The festivities went crazy as the percentage increased, around 9 pm we arrive at the HDP tent where a lot of people, families, old ladies and many, many children gather. “The children are the most radical, they tell us, the police passed by and they made the Kurdish symbol of peace in their direction”. There is a wonderful, cheerful atmosphere, kids burst firecrackers and fireworks, people dance in traditional Halay dance groups, there is music and they sing folk or guerrilla songs … until suddenly, without warning of dispersion, a rain of tear gas pollutes the air, everyone runs and shelters the children. The celebrations of a peaceful crowd, gathered to celebrate the electoral result of a party legally candidate for democratic elections, are interrupted. There are no clashes with the police, people flee and we return to our base. From the windows on the main square we see the police still shooting with the hydrants, they arrest people and the smell of tear gas enters regularly from our window, until late at night.

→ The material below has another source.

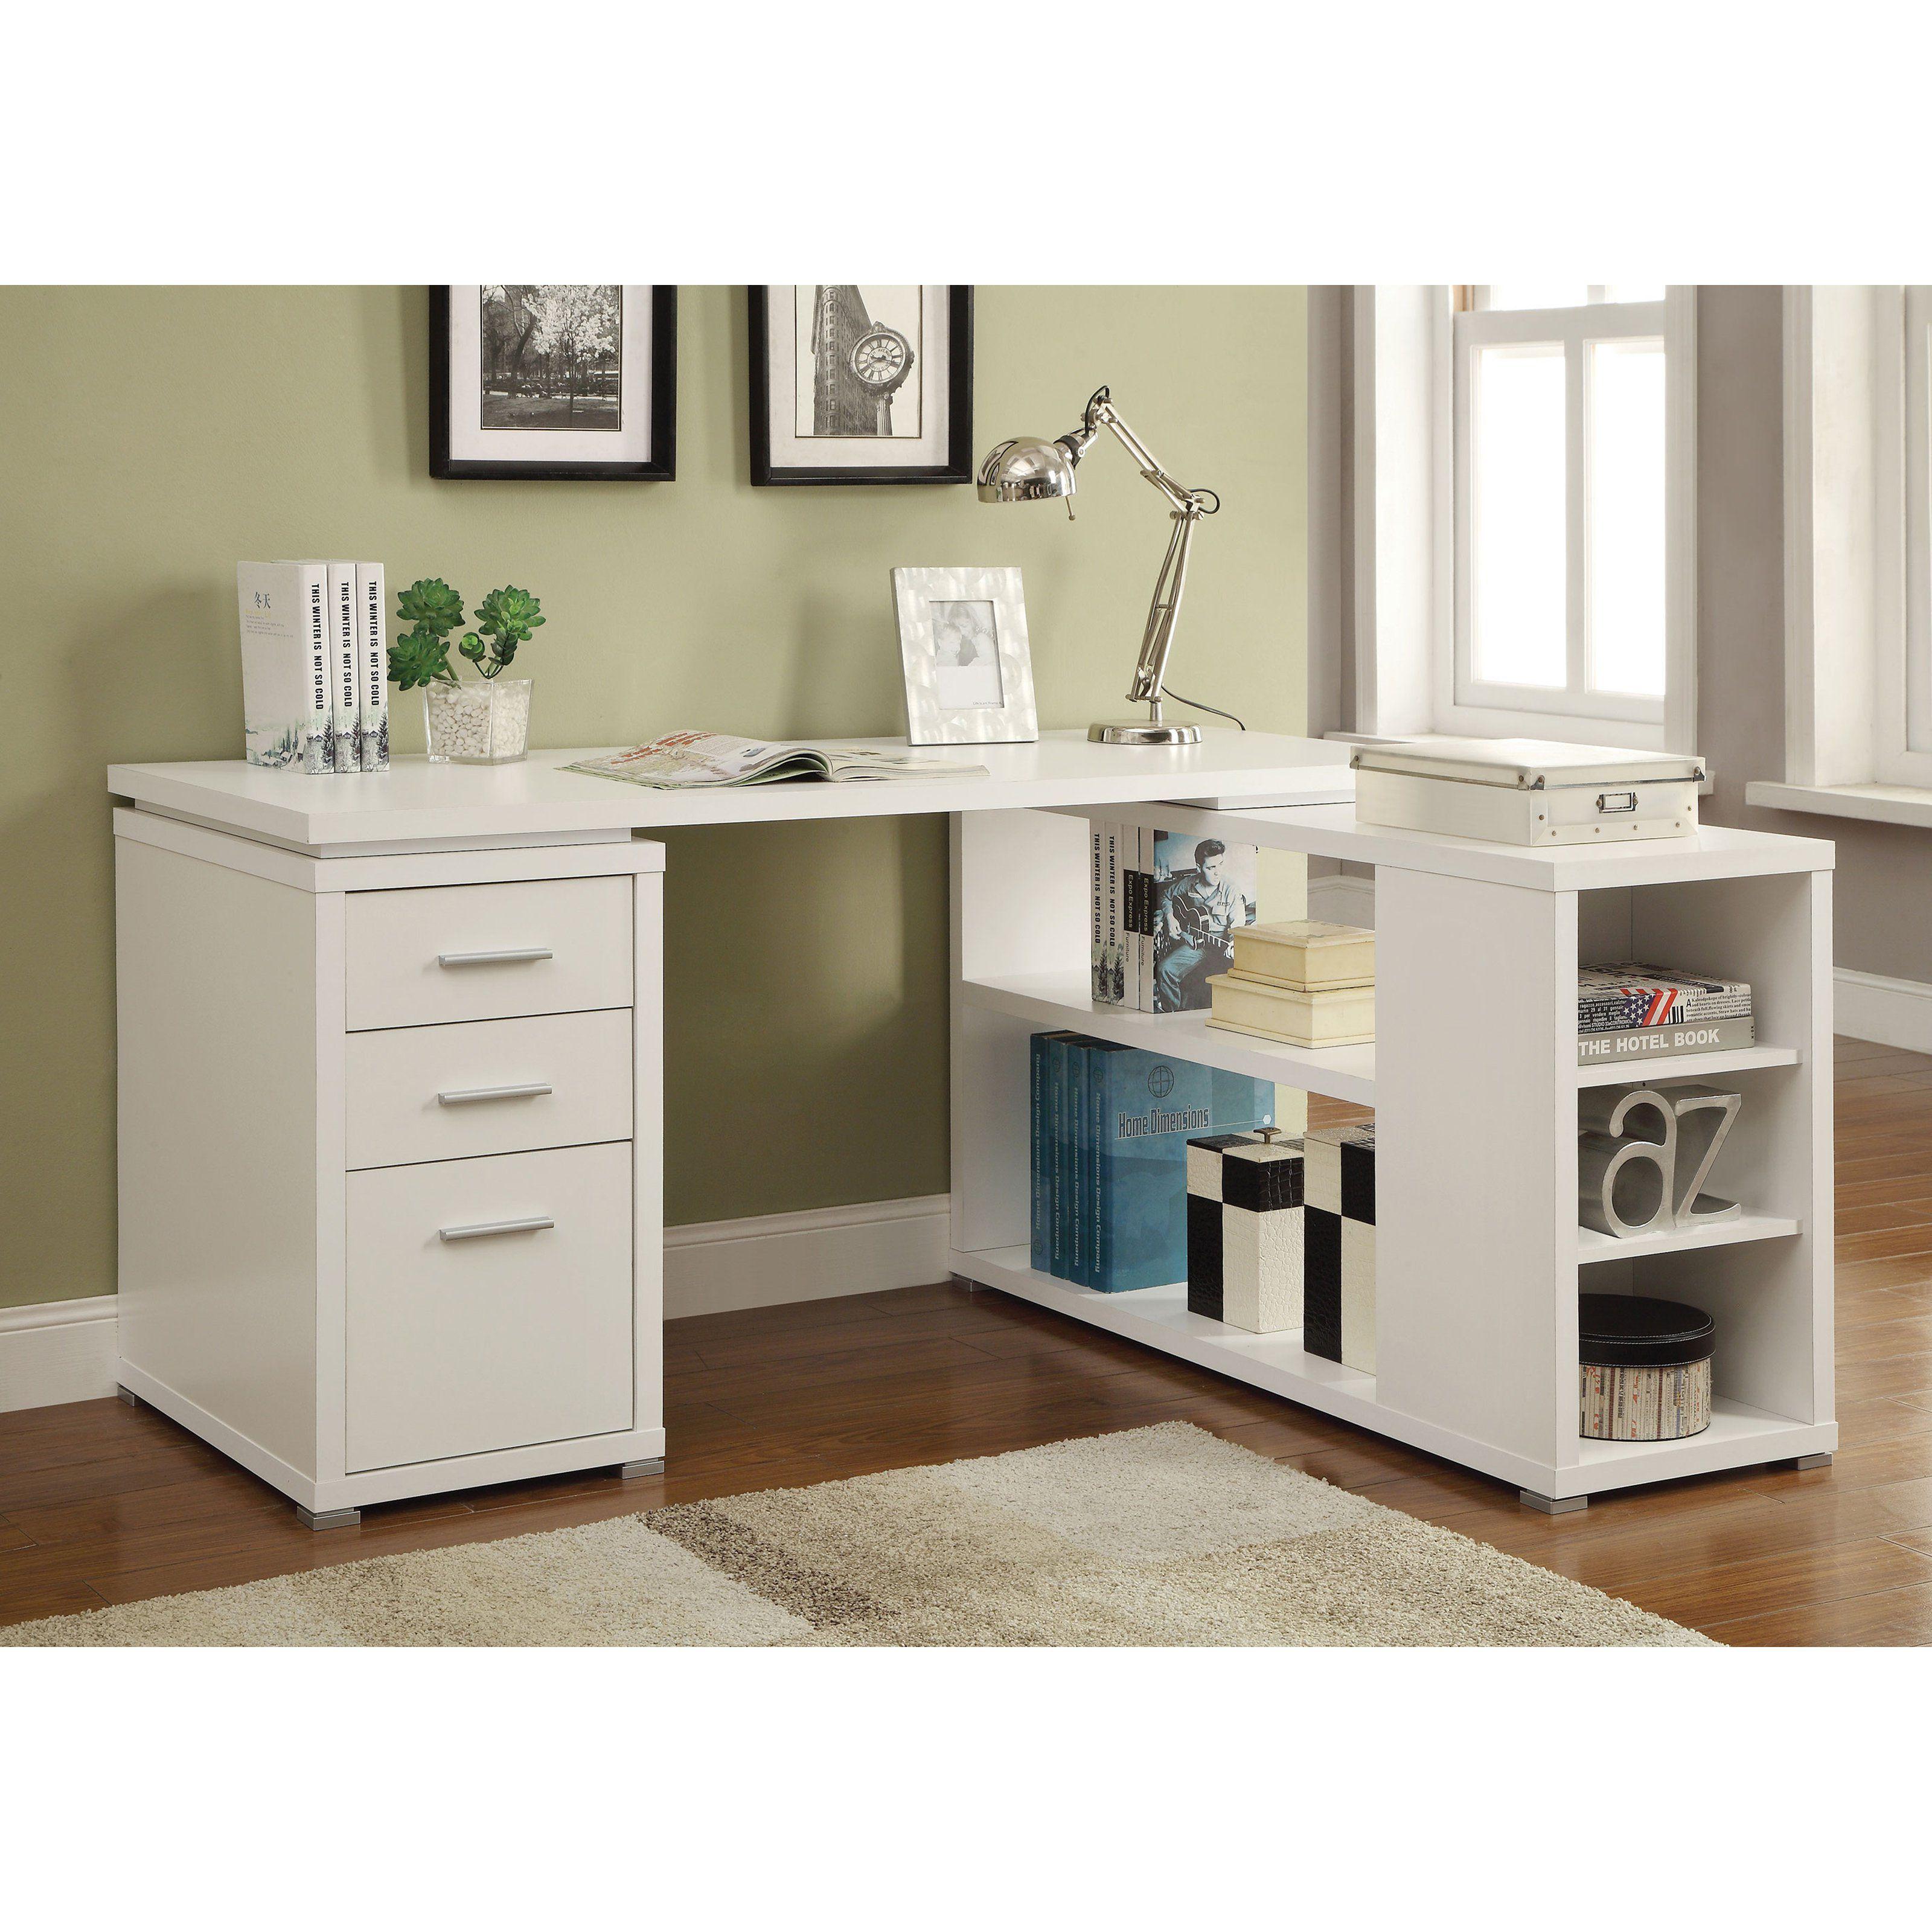 Coaster Furniture Yvette Office Desk From Hayneedle Com  # Muebles Coaster

My travel diary is interrupted on Sunday evening, because the following days are dedicated to the search-to-get-out-our-partner-Cristina-from-there.

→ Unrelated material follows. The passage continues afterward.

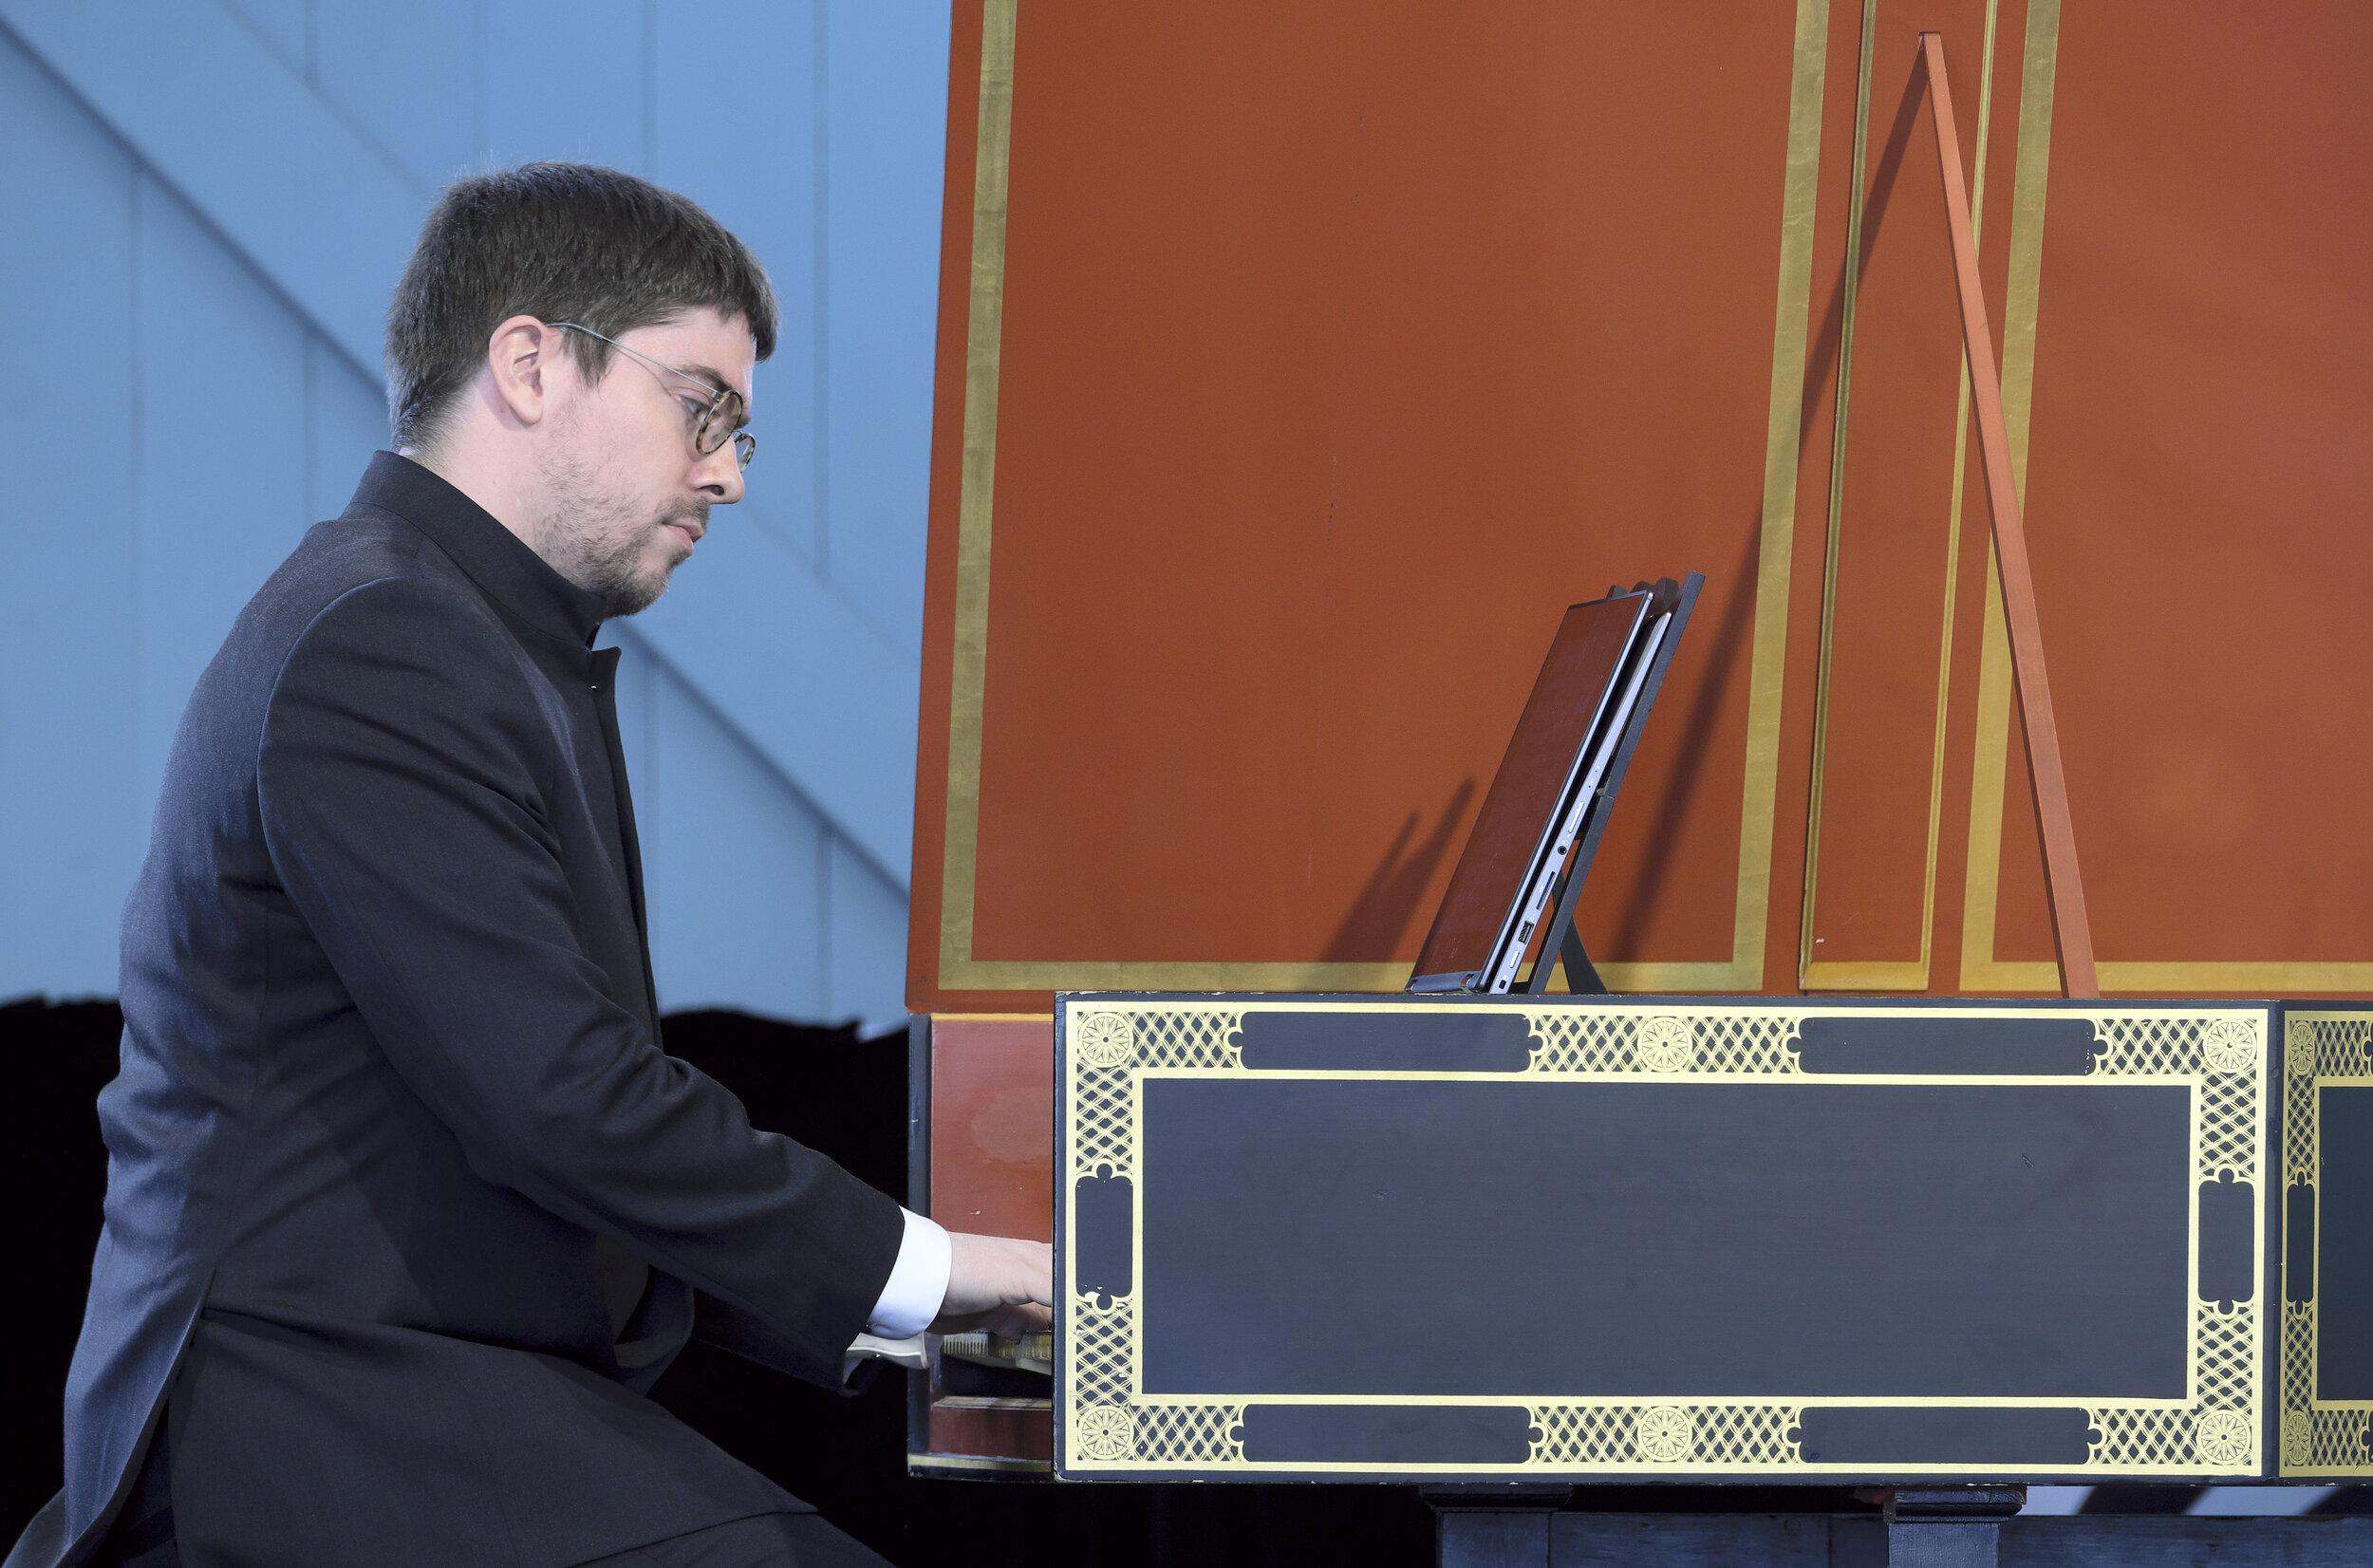 Concert 18. Prelude and Fugue. Korneel Bernolet. Photo by Peter Hislop

In the HDP Diyarbakir headquarter, one member told me that the 90% of International Observers have been hindered in their job, some have been arrested, stopped, checked, for an hour or a few days. A French delegation was arrested and detained from early in the morning until the closure of the polls. In Kurdistan there were 136 people belonging to left-wing parties or political and humanitarian associations, distributed in 15 provinces.
On the streets of Istanbul, it’s 42 degrees, big posters of Erdogan with his election slogan “A great Turkey needs a strong leader” mark the landscape between skyscrapers and intersections without traffic lights. Cult of personality, alliance with the most nationalist party in the race, exclusion of political opponents, censorship … A story already heard in Europe not even too long ago.
* Cristina Cattafesta was released on the 6th of July after spending 10 days in the Gaziantep Deport Center.